== TASK TO COMPLETE ==
Output the whole listing exactly, with no pictures.

== DATA BELOW ==
- - - - - - -
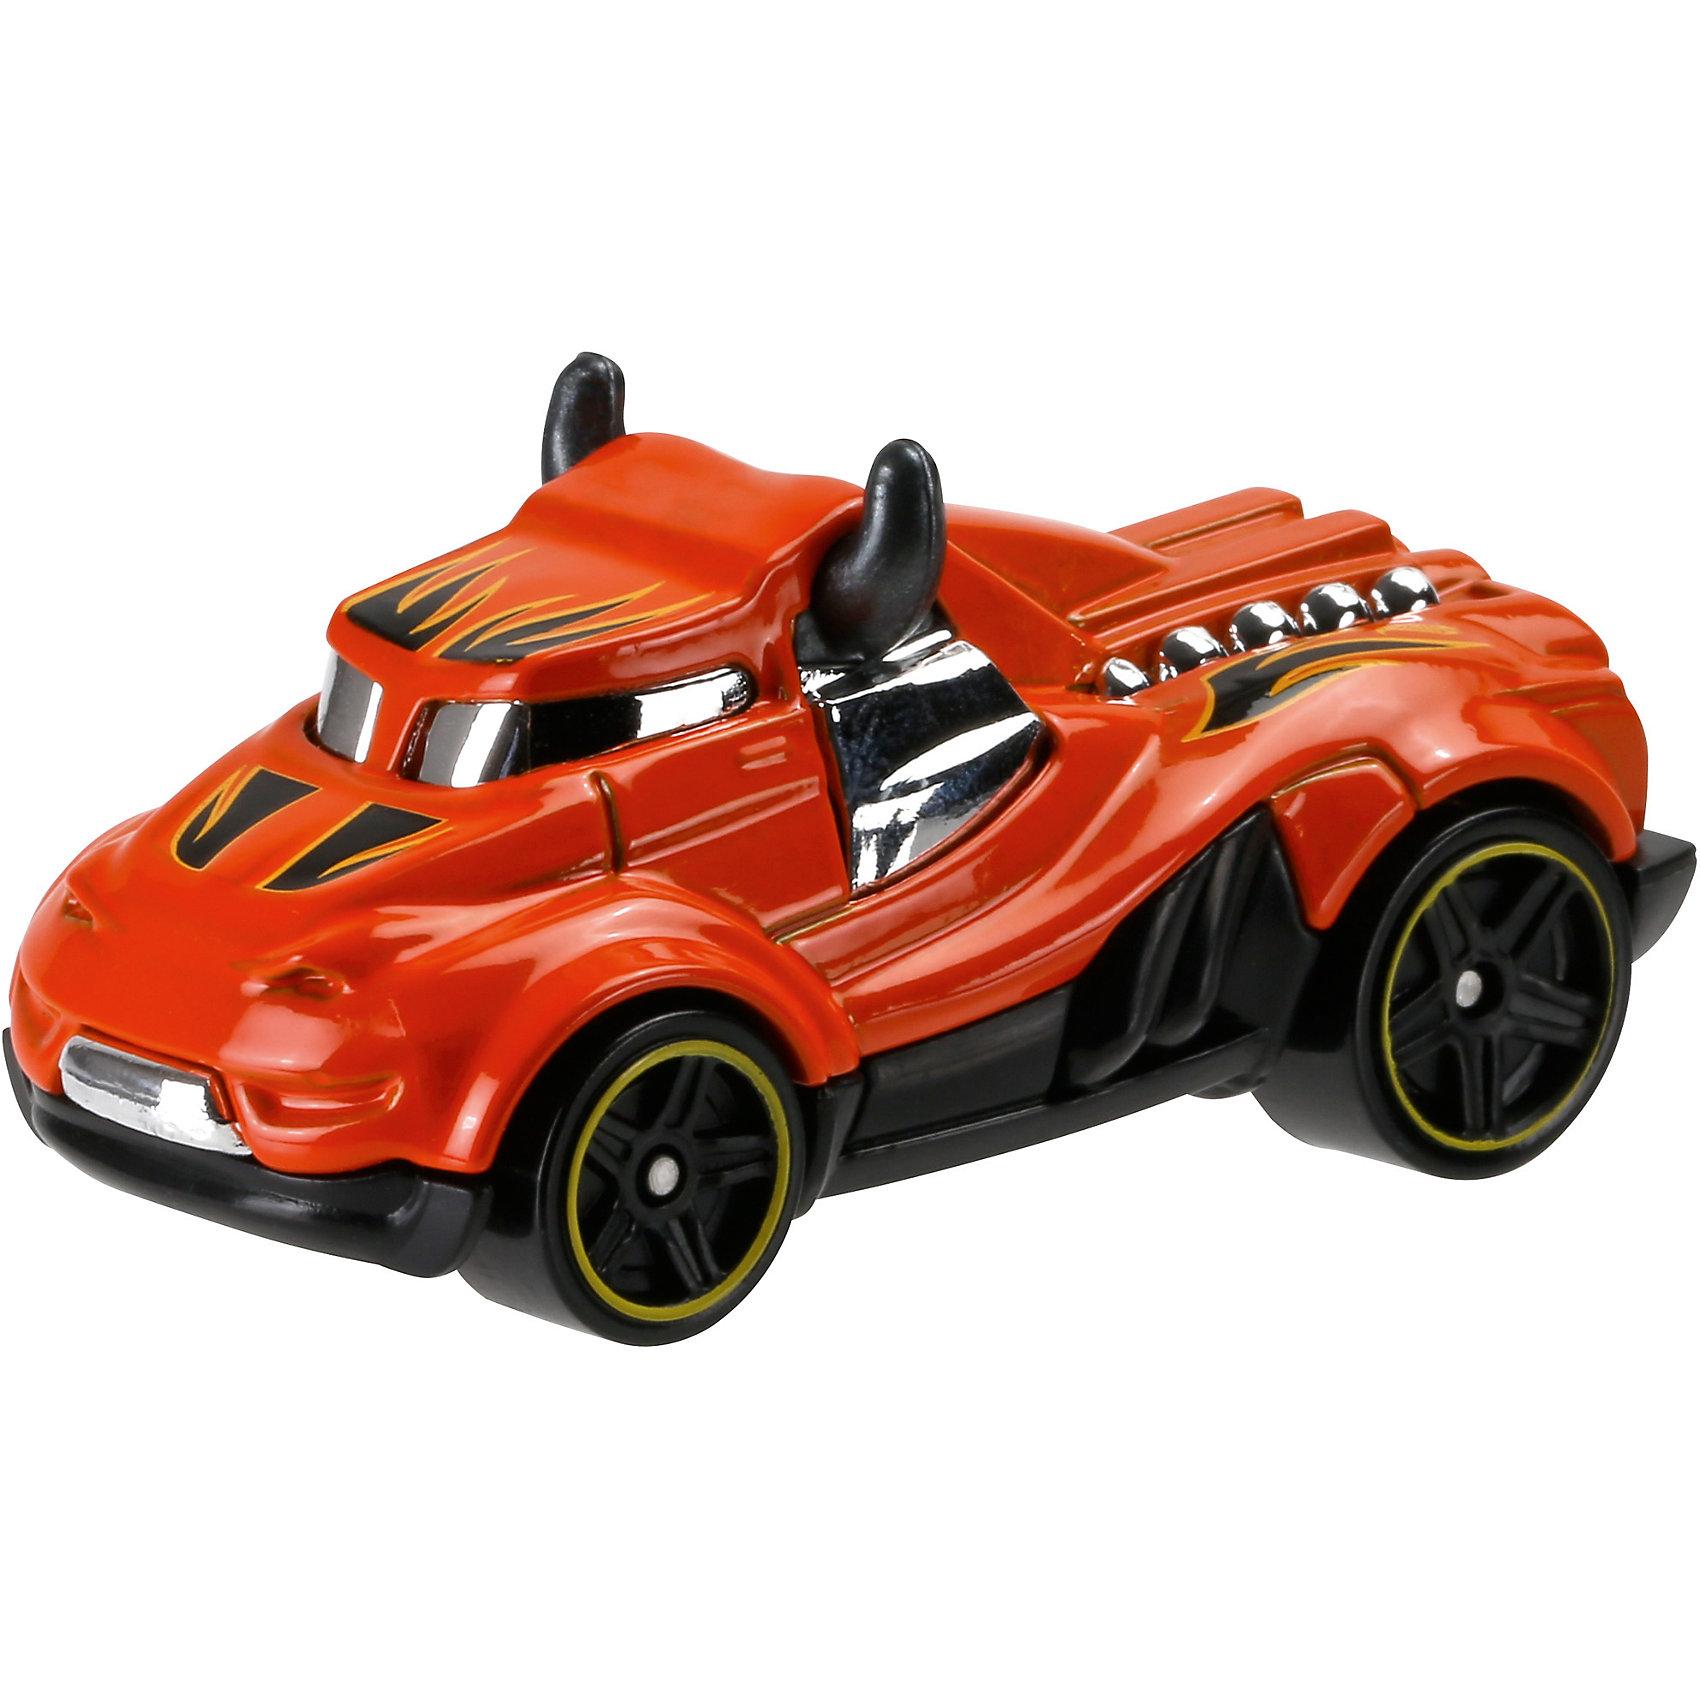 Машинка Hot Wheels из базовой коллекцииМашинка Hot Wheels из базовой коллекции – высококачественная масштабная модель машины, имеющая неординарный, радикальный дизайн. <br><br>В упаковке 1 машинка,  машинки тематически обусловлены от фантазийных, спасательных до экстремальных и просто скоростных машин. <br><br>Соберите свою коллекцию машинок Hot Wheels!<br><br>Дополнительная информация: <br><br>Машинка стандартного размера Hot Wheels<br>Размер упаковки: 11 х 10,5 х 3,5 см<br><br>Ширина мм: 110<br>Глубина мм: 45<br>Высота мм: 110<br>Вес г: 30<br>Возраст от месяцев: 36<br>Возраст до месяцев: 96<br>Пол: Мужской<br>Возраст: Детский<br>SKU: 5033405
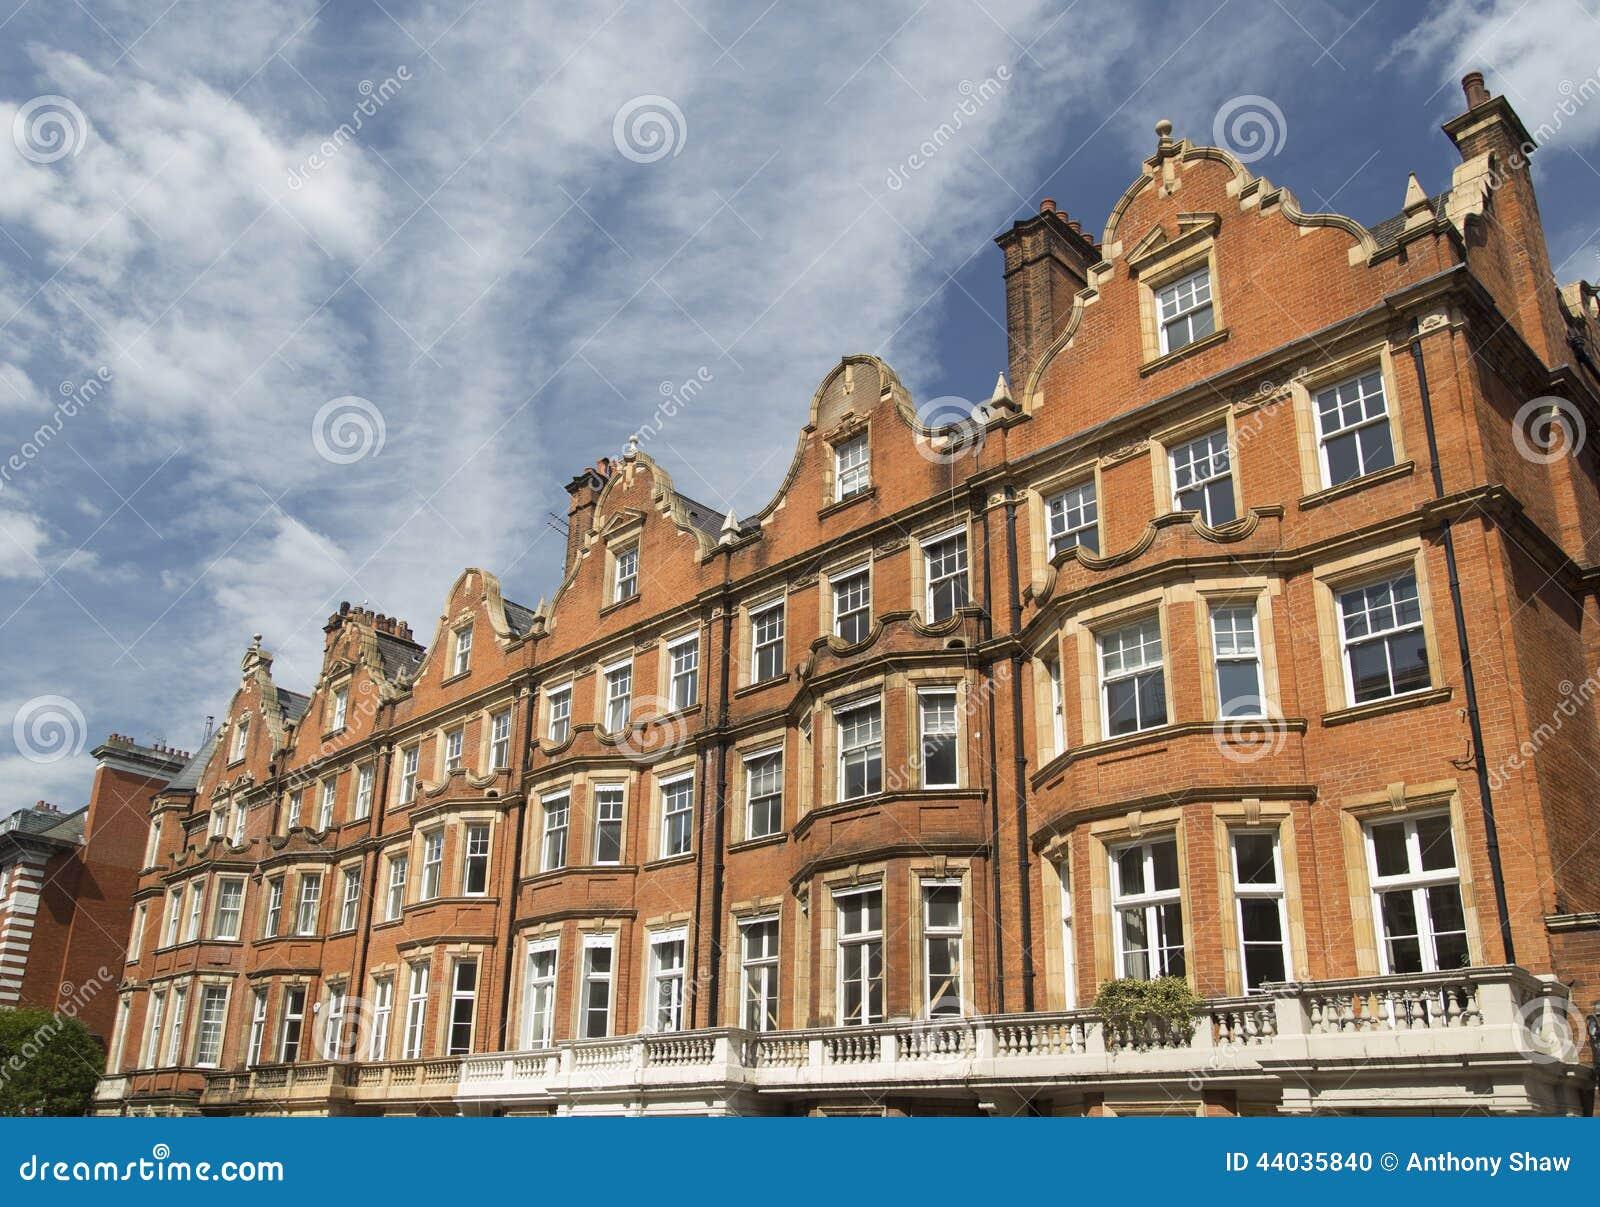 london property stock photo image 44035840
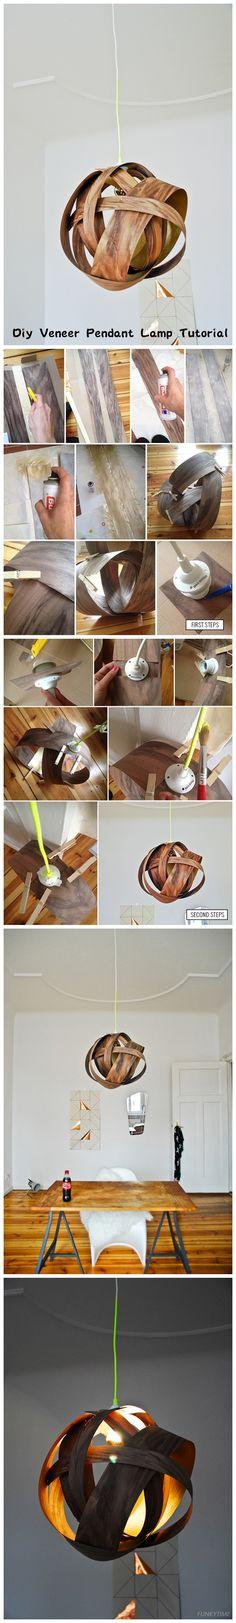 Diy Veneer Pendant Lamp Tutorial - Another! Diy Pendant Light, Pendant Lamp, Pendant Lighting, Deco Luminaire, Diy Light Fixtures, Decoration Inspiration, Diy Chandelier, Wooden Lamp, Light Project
- - - - - - -
== WRITTEN RESPONSE ==
 Машинка Hot Wheels из базовой коллекцииМашинка Hot Wheels из базовой коллекции – высококачественная масштабная модель машины, имеющая неординарный, радикальный дизайн. <br><br>В упаковке 1 машинка,  машинки тематически обусловлены от фантазийных, спасательных до экстремальных и просто скоростных машин. <br><br>Соберите свою коллекцию машинок Hot Wheels!<br><br>Дополнительная информация: <br><br>Машинка стандартного размера Hot Wheels<br>Размер упаковки: 11 х 10,5 х 3,5 см<br><br>Ширина мм: 110<br>Глубина мм: 45<br>Высота мм: 110<br>Вес г: 30<br>Возраст от месяцев: 36<br>Возраст до месяцев: 96<br>Пол: Мужской<br>Возраст: Детский<br>SKU: 5033405
 london property stock photo image 44035840
 Diy Veneer Pendant Lamp Tutorial - Another! Diy Pendant Light, Pendant Lamp, Pendant Lighting, Deco Luminaire, Diy Light Fixtures, Decoration Inspiration, Diy Chandelier, Wooden Lamp, Light Project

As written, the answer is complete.